Even so, Steve’s article is yet another superficial contribution. A reader interested in the issues “addressed” in it (to use your word) would find no reporting to help sort things out for himself. Was Omar married to her brother until late 2017? Omar says the claim is made only “by fake journalists on bigoted blogs.”

I think Omar was referring to me and to PJ Media New York editor David Steinberg. Her insults are par for the course with her — they hark back to her original response to my inquiry to her in 2016 — but Steve doesn’t even bother to let readers know who or what she is talking about.

Unlike the Star Tribune, David Steinberg undertook an investigation of Omar’s marriage to husband number 2 (Ahmed Nur Said Elmi), whom she just got around to divorcing at the end of 2017. Steinberg thinks Elmi is Omar’s brother and that she married him for some dishonest purpose. Steinberg reported his findings in stories posted here (August 8), here (August 12), here (October 23), here (October 30) and here (November 5).

But for Omar’s allusion to him, Steinberg and his reporting have gone unmentioned by the Star Tribune. Doing no reporting of its own, the Star Tribune published Amy Forliti’s October 17 AP story “Minnesota House hopeful calls marriage, fraud claims ‘lies.’” I contrasted Steinberg’s work with Forliti’s in “Ilhan Omar’s ‘disgusting lies.'”

In his October 13 story Steve added this bizarre touch as if it were completely normal: “During an interview, Omar showed a reporter cellphone photos of documents from her family’s U.S. entry in 1995 after fleeing Somalia’s civil war. She declined to provide copies of the papers, which included refugee resettlement approval forms and identification cards, but they appeared to list her father, siblings and Omar by order of birth, with Omar as the youngest of seven children. No one named Ahmed Nur Said Elmi, who is three years younger than Omar, could be seen listed in the documents.” Omar did not even allow Steve to jot down names. He left that out of his article. I find this exceedingly strange. Don’t you?

Steve also addressed tweets conveying Omar’s view of Israel. At least he quoted Omar’s reference to “the apartheid Israeli regime,” but Steve’s article is completely unilluminating. Steve gives Omar the last word: “I don’t think there is anyone who spends five minutes with me who does not clearly see where my values are and that I will advocate for them and defend them and their humanity always.” One would not know of her avid support in the legislature of the anti-Semitic BDS movement seeking the destruction of Israel.

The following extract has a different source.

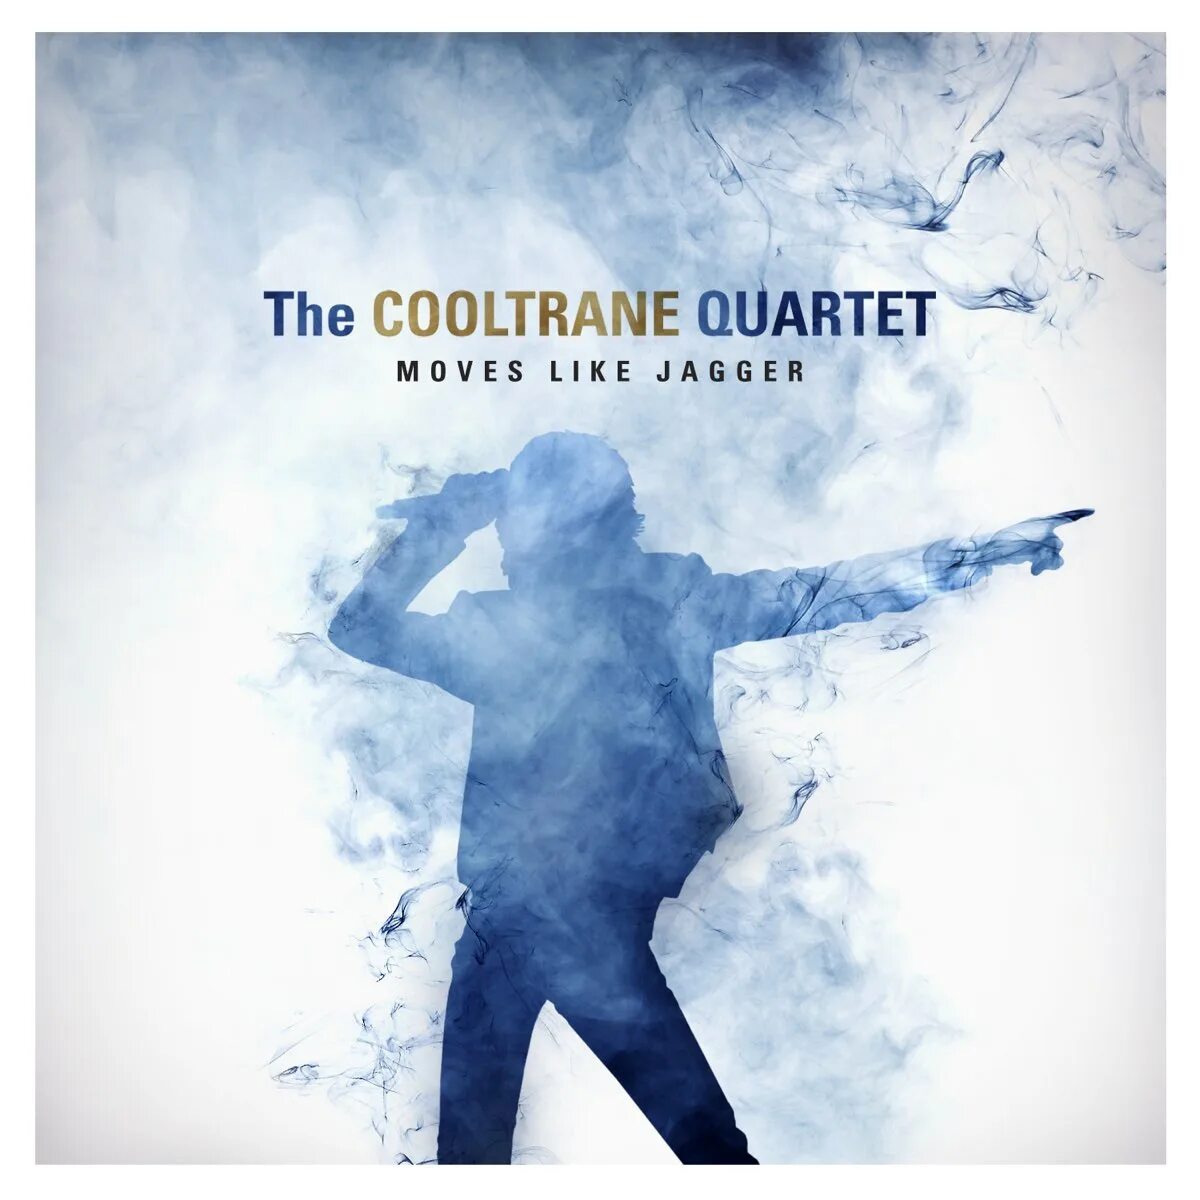 The Cooltrane Quartet. The Cooltrane Quartet фото. The Cooltrane Quartet Википедия. The-Cooltrane-Quartet-like-a-Virgin. Лайк джаггер

Omar amplified her view of Israel as an “apartheid regime” on the floor of the Minnesota House in support of BDS. Her speech is a matter of public record. Did the Star Tribune ever cover it in the course of the Fifth District election? For your information, I posted the video and transcribed Omar’s statement in “Ilhan Omar: Why I hate Israel.”

Omar’s assertion that Israel is an “apartheid regime” is a stupid and anti-Semitic lie. It would have been of interest to many Fifth District voters. The Star Tribune barely reported it — see Steve’s story above — though the reporters who covered Omar’s primary victory gave it the usual treatment with a vague allusion (“Omar has…attracted some controversy with negative comments about Israel”).